I had a sharp disagreement with one of my parents while they were visiting this week.  Feeling sick and nauseous compounded my emotions.  I went to my room in tears.

A few moments later, I heard little feet outside my door and Cub walked in, climbed into my bed, hugged me, and told me, “I love you, umma.”

Then he quietly walked back out and closed the door after him.

I was touched by his boyish thoughtfulness, showing me love and then giving me space to work out my emotions (like he often needs for himself).  I believe God used it to soften my heart in a heated moment.  It could definitely use more softening and humbling, but God was kind to use love — and not a rod.

Focus.

It’d been a rough week with Cub, and I felt like I had been talking to him all week about foolish decisions, the way of fools, everything fool related.

So this morning, I pulled him onto my lap and began to tell him also of the beautiful things I saw in his life.  Wise decisions he had made, kindness, thoughtfulness, his love for music and beauty.

And looking into my eyes, he smiled, and said,

“I want to touch your eyeballs.”

#fourgoingonfive

Equal at the foot of the Cross.

Yesterday, Cub pointed out my sin to me. For the first time. Unprompted.

I’d confessed sin against him before, but this was the first time he pointed it out to me before I confessed it.  And he did it so sweetly: “Umma, you sinned against God and against me when you screamed at me to clean up the shapes.”

Dang. He was right.  (And thankfully, he brought it up a little after the event, so I had time to cool down.)

So I had to ask him for forgiveness on the spot and pray for God’s forgiveness, too.

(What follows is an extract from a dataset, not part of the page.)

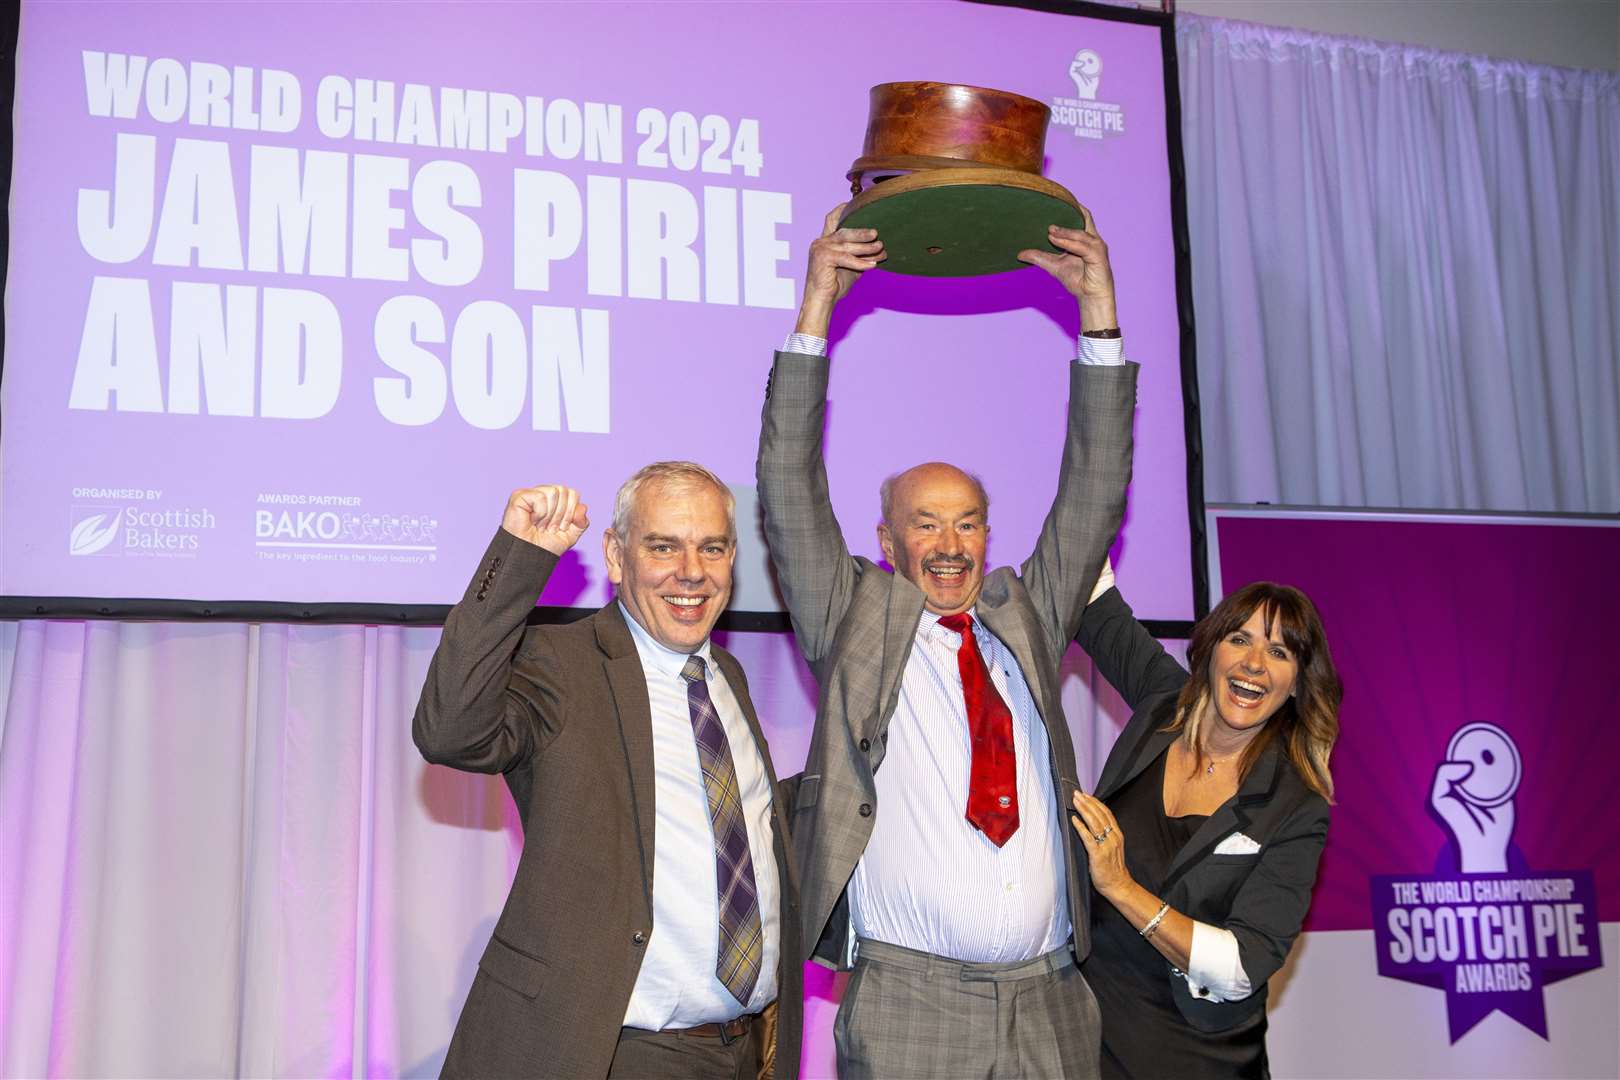 James Pirie & Son were crowned Champions for the fifth time in the World Championship Scotch Pie Awards presented by Carol Smillie.

I’m sure I won’t always feel this way when my son unearths my sin, but at that moment, by God’s grace, I felt a sense of the beauty of the gospel.  A gospel where a son can humbly point out his umma’s sin and they can approach the cross together, confessing sin and rejoicing in God’s grace for sinners together.

A missionary mother.

From Susanna Wesley, as quoted  by Dorothy Patterson in “The High Calling of Wife & Mother in Biblical Perspective,” Recovering Biblical Manhood & Womanhood:

No one can, without renouncing the world, in the most literal sense, observe my method; and there are few, if any, that would entirely devote above twenty years of the prime of life in hopes to save the souls of their children, which they think may be saved without so much ado; for that was my principal intention, however unskillfully and unsuccessfully managed.

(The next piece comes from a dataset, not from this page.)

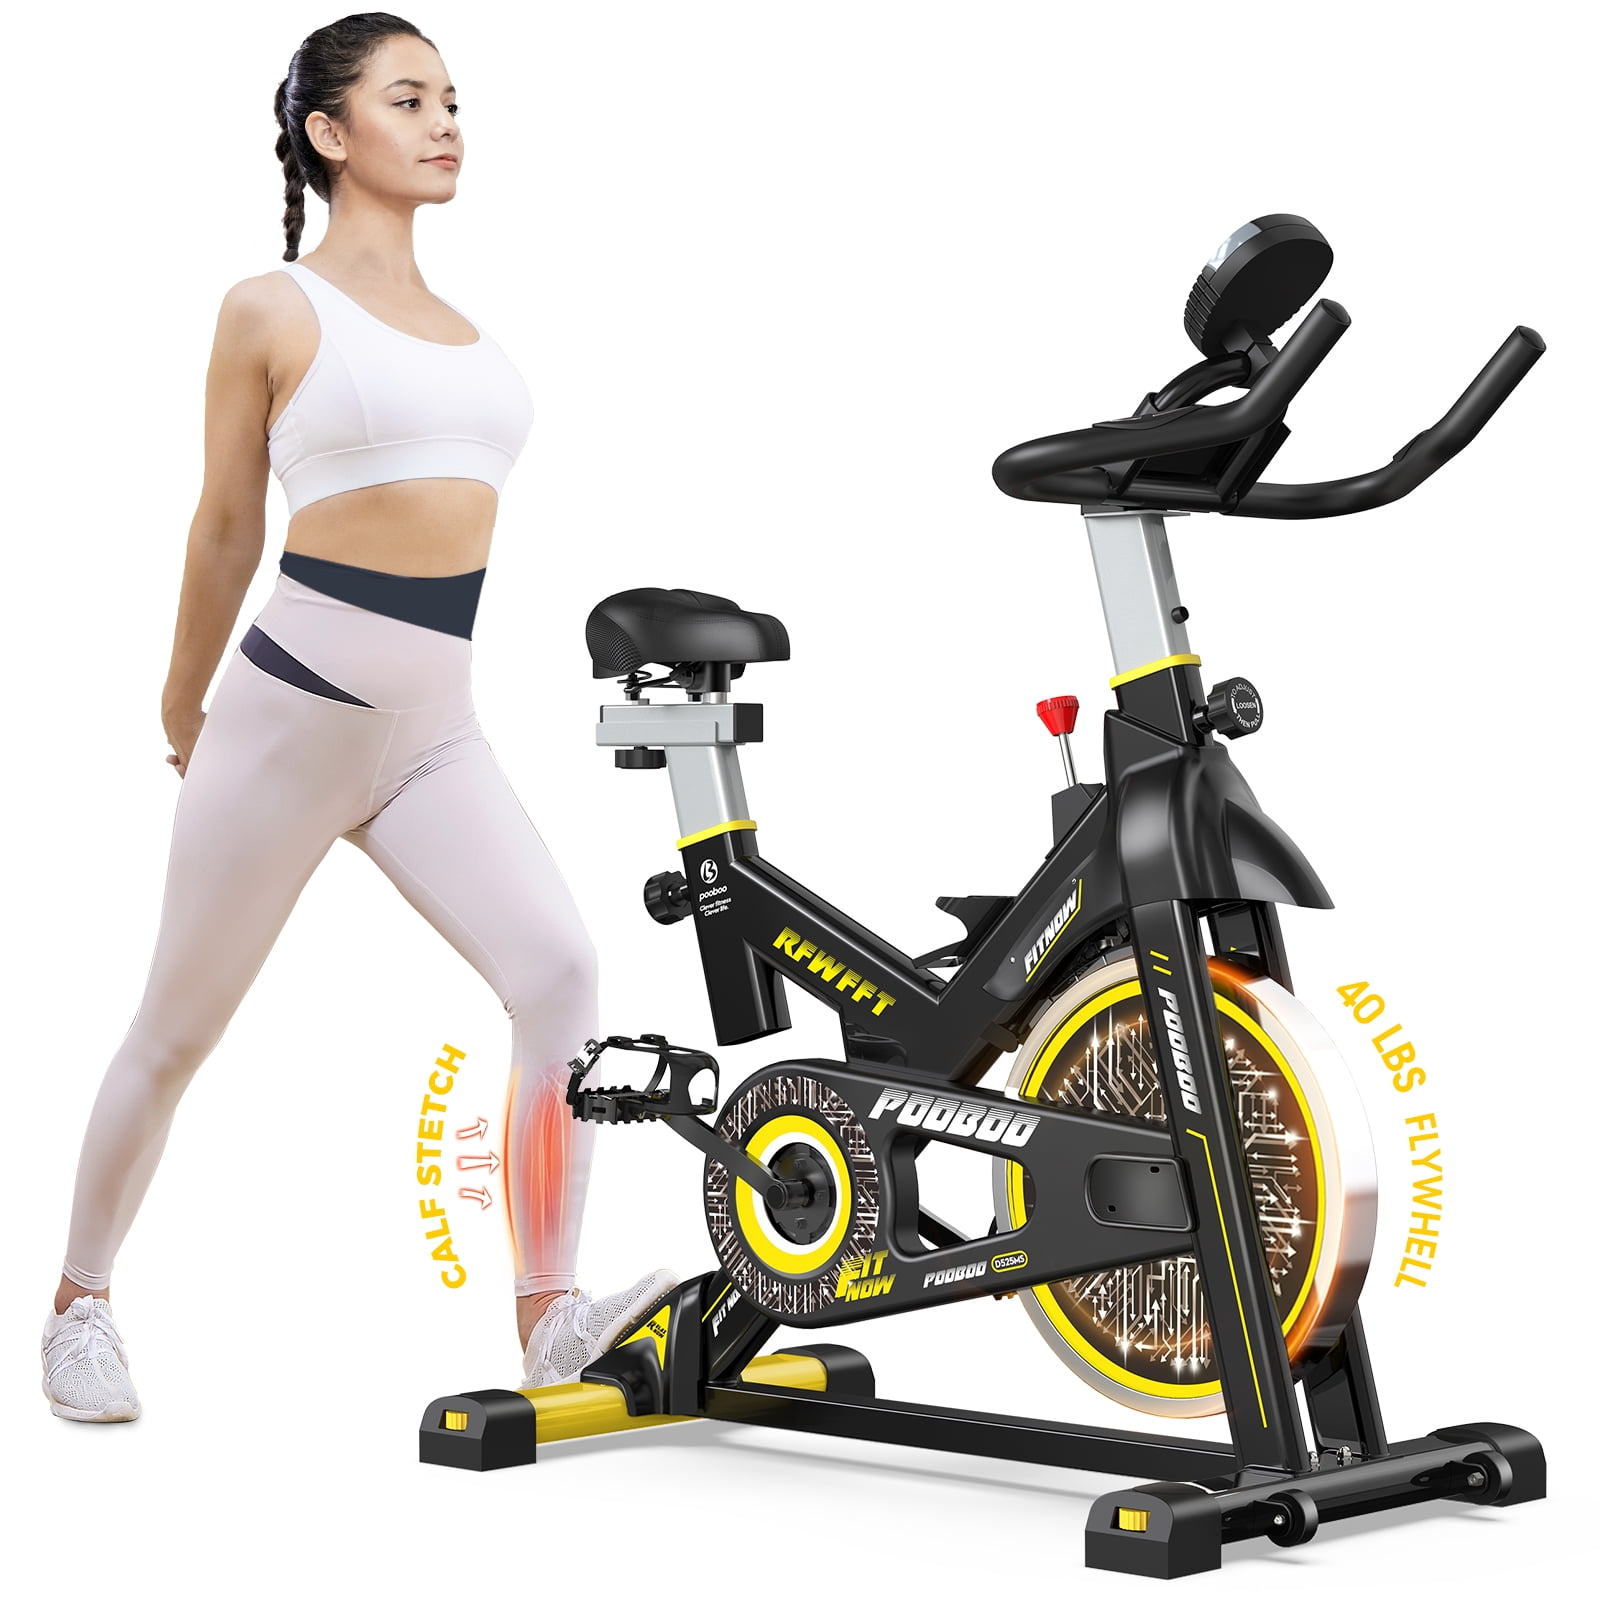 300 lbs Capacity Quiet Stable Bike with Digital Monitor Phone Holder Great Gift Idea for Parents! Pooboo Recumbent Exercise Bike Magnetic for Adults Seniors Adjustable Seat & Resistance Indoor Cycling Stationary Fitness Equipment for Home Workout

To renounce the world. To devote the prime of life to save the souls of my children.  To spend my energies there.  Not for myself but for them.  And not for them but for Him.

That is my prayer.

Love protects.

Cub and I were walking to the store today on a busy street, cars zipping by.  And I put him on the inner half of the sidewalk so I’d be closer to the cars.  In the past, I had explained to him that umma and appa walk on the outside closer to the cars to protect him because we love him.

As I did that, he said to me, “Umma, when I become a man, I’m going to walk on the outside and you’re going to walk on the inside.”

“Aww, you’re going to protect umma?”

“Yes.” And he pulled his shoulders back and walked a little straighter. “See, I’m almost a man.”

A praying mother.

The impression that a praying mother leaves upon her children is life-long. Perhaps when you are dead and gone your prayer will be answered.